Erneut erhöhen Stromversorger die Preise – auch im Sommer

Der Strompreis für Deutschlands Haushalte verharrte nach Angaben des Portals auch im April auf einem sehr hohen Niveau. Ein Musterhaushalt mit einem jährlichen Verbrauch von 5000 Kilowattstunden (kWh) zahlte demnach im Schnitt 2054 Euro für Strom. Das entspreche einem Preis von 41,1 Cent pro kWh im Schnitt. Im Vorjahresmonat seien es 1512 Euro gewesen – ein Plus von 36 Prozent.

Obwohl schon etliche Strom-Grundversorger ihre Preise erhöht hatten, seien seit März in 330 Fällen Preise erhöht oder Anhebungen angekündigt worden. Im Schnitt betragen diese den Angaben zufolge mehr als 25 Prozent. Für einen Haushalt mit einem Verbrauch von 5000 kWh bedeute das Zusatzkosten von rund 426 Euro pro Jahr.
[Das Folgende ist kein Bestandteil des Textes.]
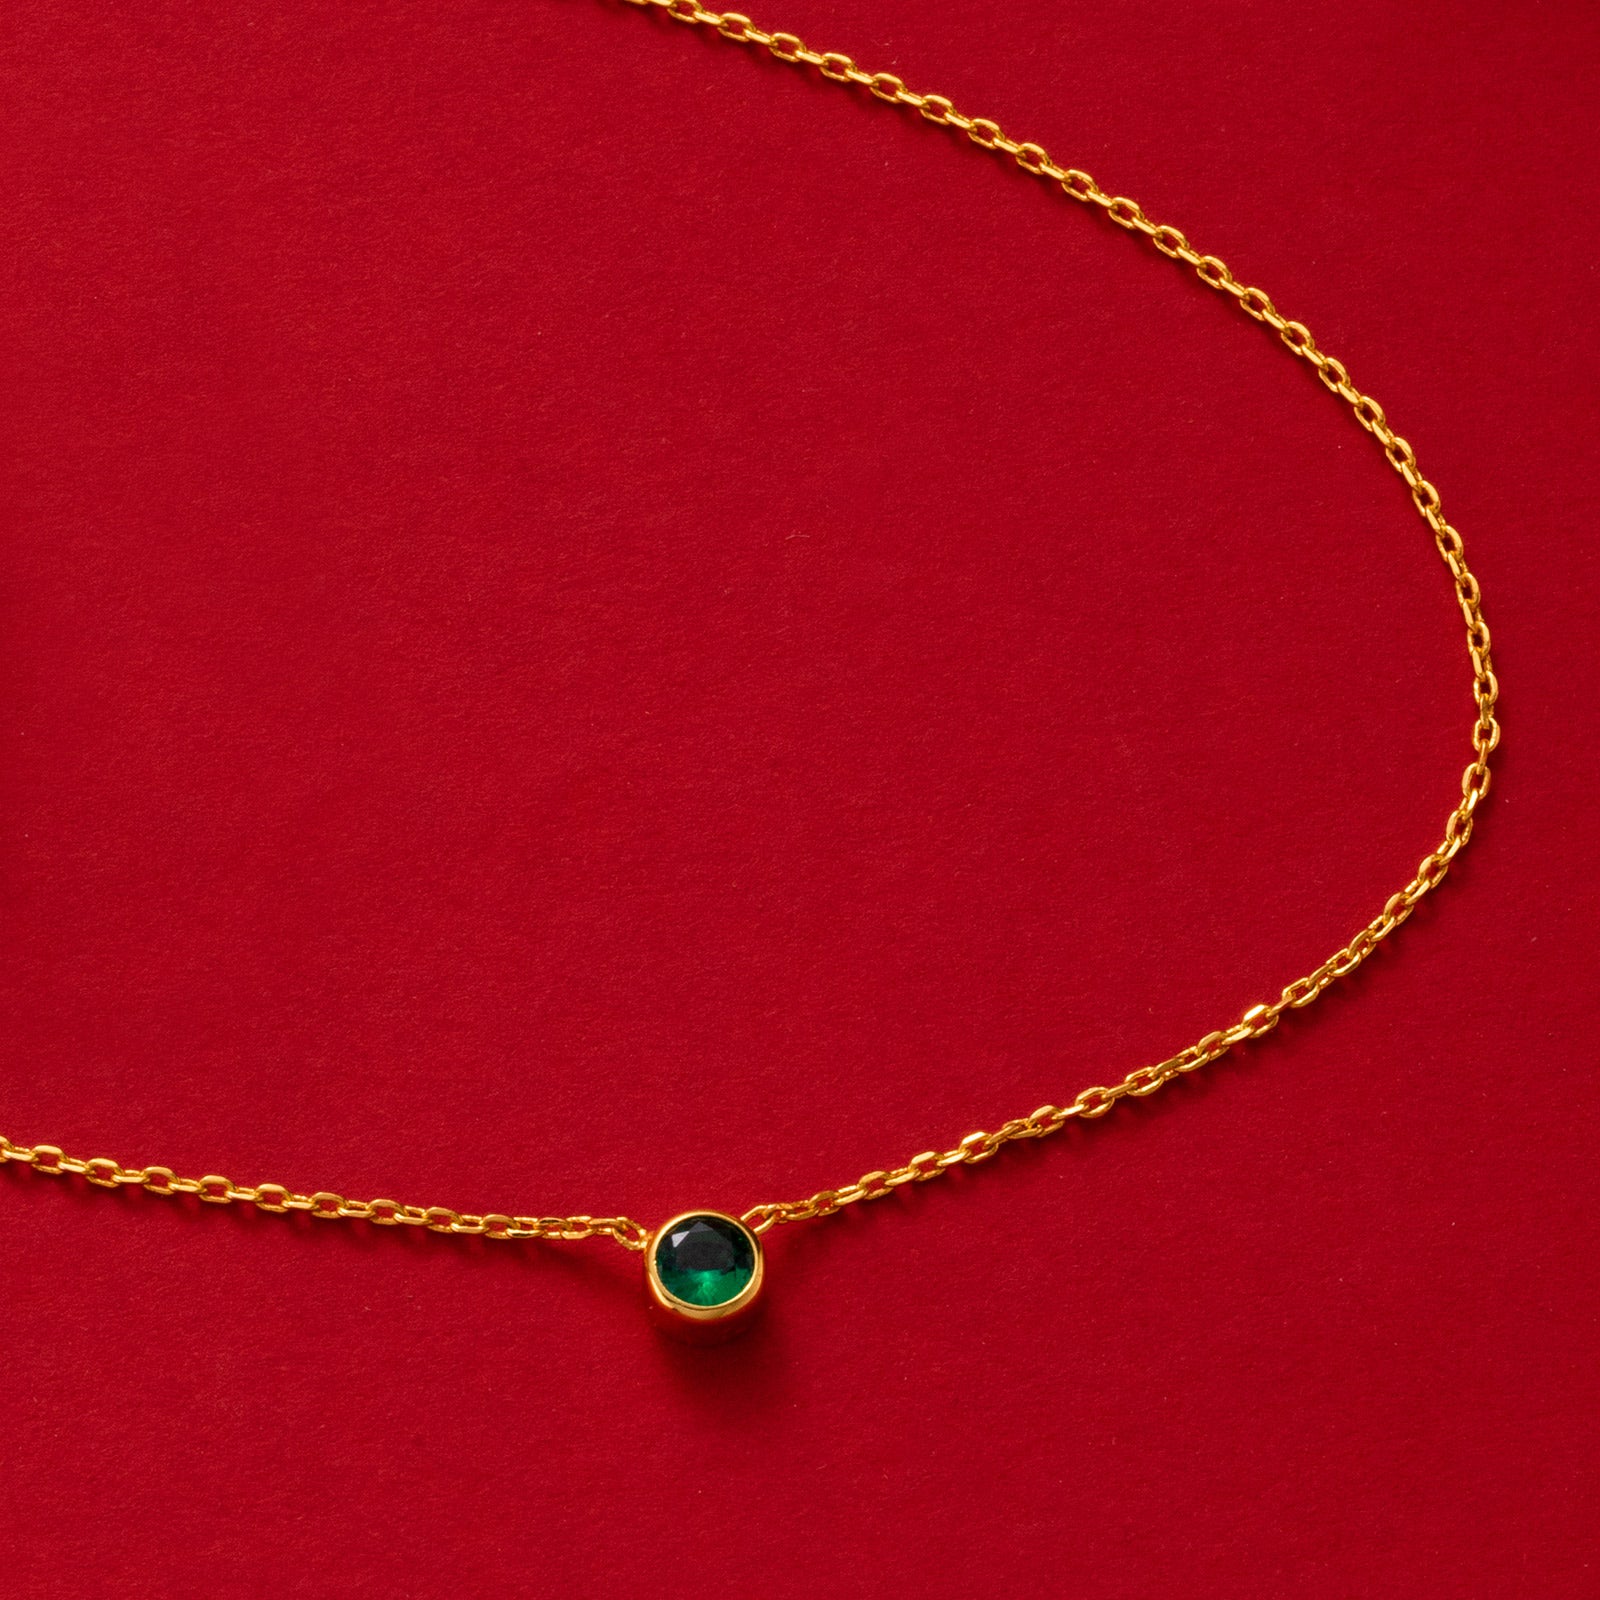 Gold Emerald Crystal Pendant Necklace, symbolizing timeless emerald sparkle, this necklace features a dazzling crystal pendant in a radiant green shade

Für Juni hätten Versorger in 109 Fällen Preiserhöhungen angekündigt – so auch der Essener Energieversorger Eon, der 15 Prozent mehr verlange. Eine Familie mit einem Verbrauch von 5000 kWh habe damit künftig jährliche Stromkosten in Höhe von 1954 Euro. Auf Bestandskunden des Oberhausener Stromanbieters EVO komme bei diesem Verbrauch eine Preiserhöhung in der Grundversorgung von 7,4 Prozent auf 1726 Euro zu.
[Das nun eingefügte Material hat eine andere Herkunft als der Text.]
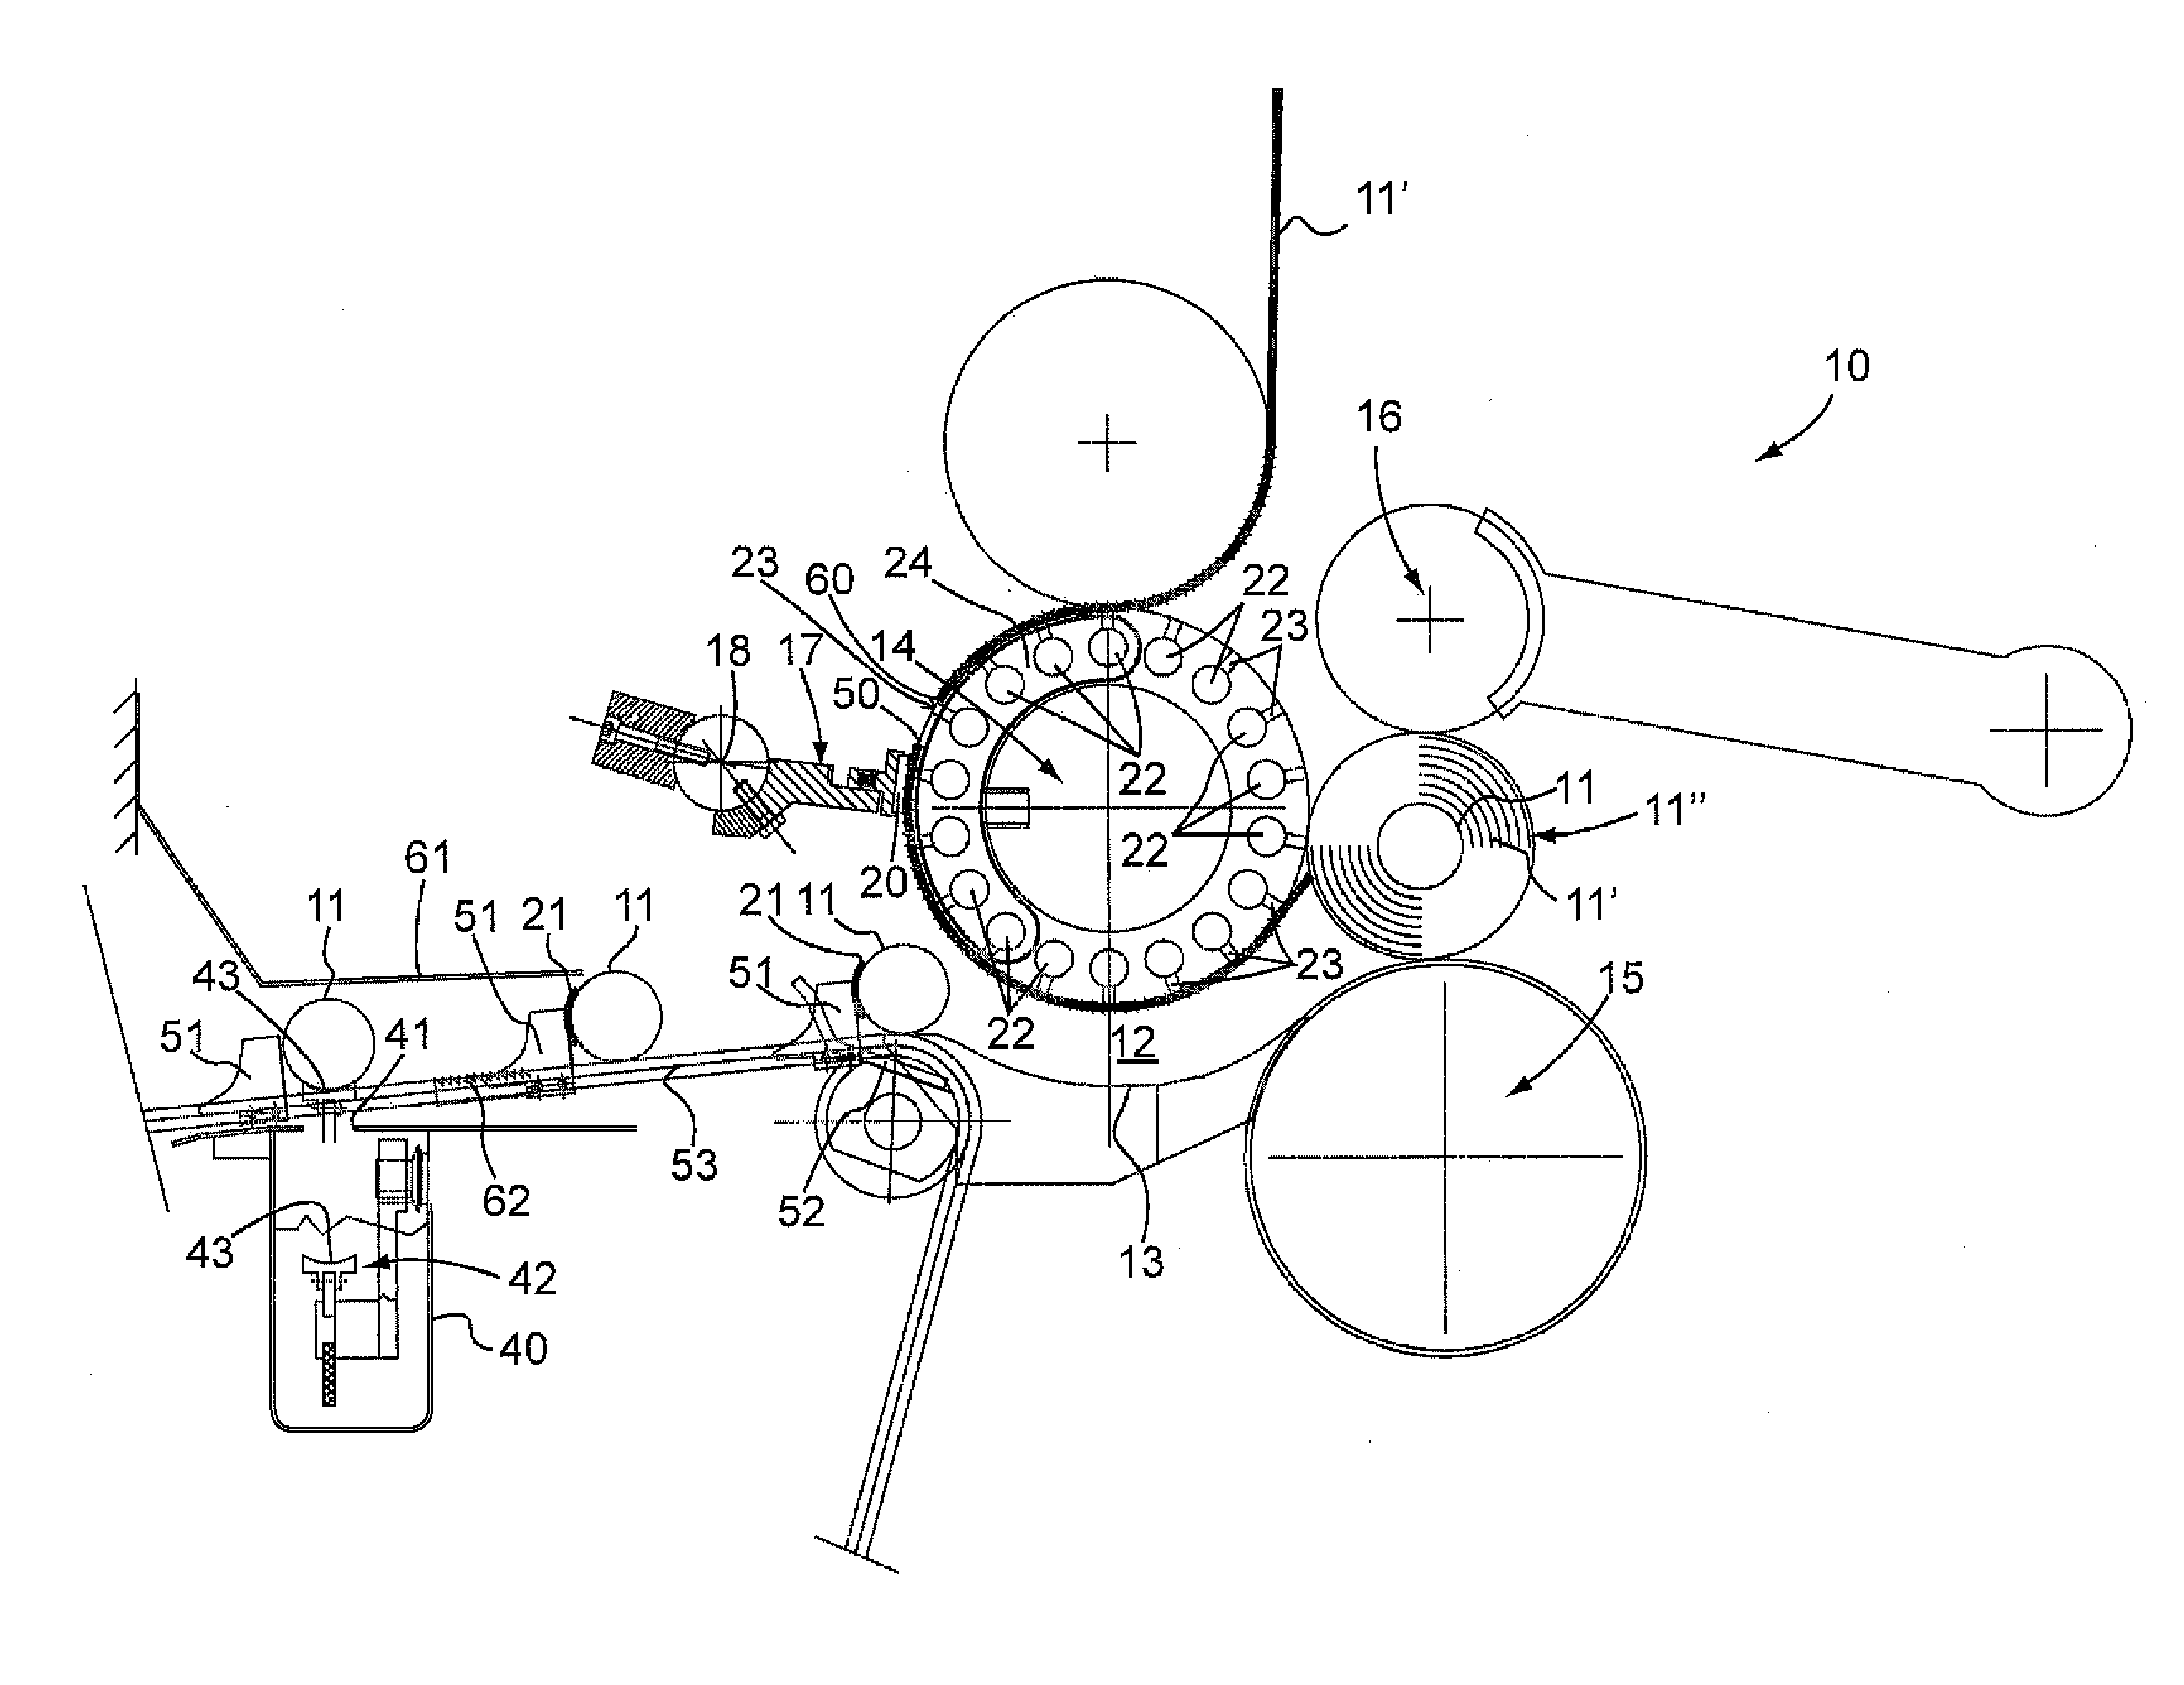 Winding group and method for winding paper around a core to make a log

Auch für die Gasversorgung müssen viele Verbraucher tiefer in die Tasche greifen. Trotz zahlreicher Erhöhungen in den vergangenen Monaten seien seit März in 270 Fällen die Preise von Gas-Grundversorgern erhöht oder Erhöhungen angekündigt worden, so Check24. Im Durchschnitt gehe es um rund 45 Prozent mehr. Für einen Haushalt mit einem Verbrauch von 20.000 kWh bedeutet das zusätzliche Kosten in Höhe von rund 860 Euro pro Jahr. Für Juni hätten zudem Versorger in 73 Fällen Preiserhöhungen um durchschnittlich 61 Prozent angekündigt.

„Neukunden insbesondere von Stadtwerken mit hohen Preisen schikaniert“

Abhängig davon, ob es sich um Verträge für Neu- oder Bestandskunden handelt, gibt es allerdings große Preisunterschiede – sowohl beim Gas als auch beim Strom. „Weiterhin werden Neukunden insbesondere von Stadtwerken mit hohen Preisen schikaniert“, sagt Energieexperte Sieverding dazu.

Ein Jahresvergleich beim Gaspreis fällt ernüchternd aus: Ein Musterhaushalt mit einem Verbrauch von 20.000 Kilowattstunden zahlt laut Check24 im Schnitt rund 2900 Euro für Erdgas. Das entspricht einem Durchschnittspreis von 14,5 Cent pro kWh. Zum Vergleich: Im April vergangenen Jahres waren es lediglich 1264 Euro. Allerdings gibt es auch hier aktuell große Unterschiede bei den Tarifen für Neu- oder Bestandskunden.

Nach Preiserhöhungen liegen die Gaspreise für Musterfamilien bei Ruhrgebiets-Stadtwerken zwischen rund 1700 Euro und etwa 2000 Euro im Jahr. Die Preise für Neukunden hingegen sind in aller Regel mehrere Hundert Euro höher.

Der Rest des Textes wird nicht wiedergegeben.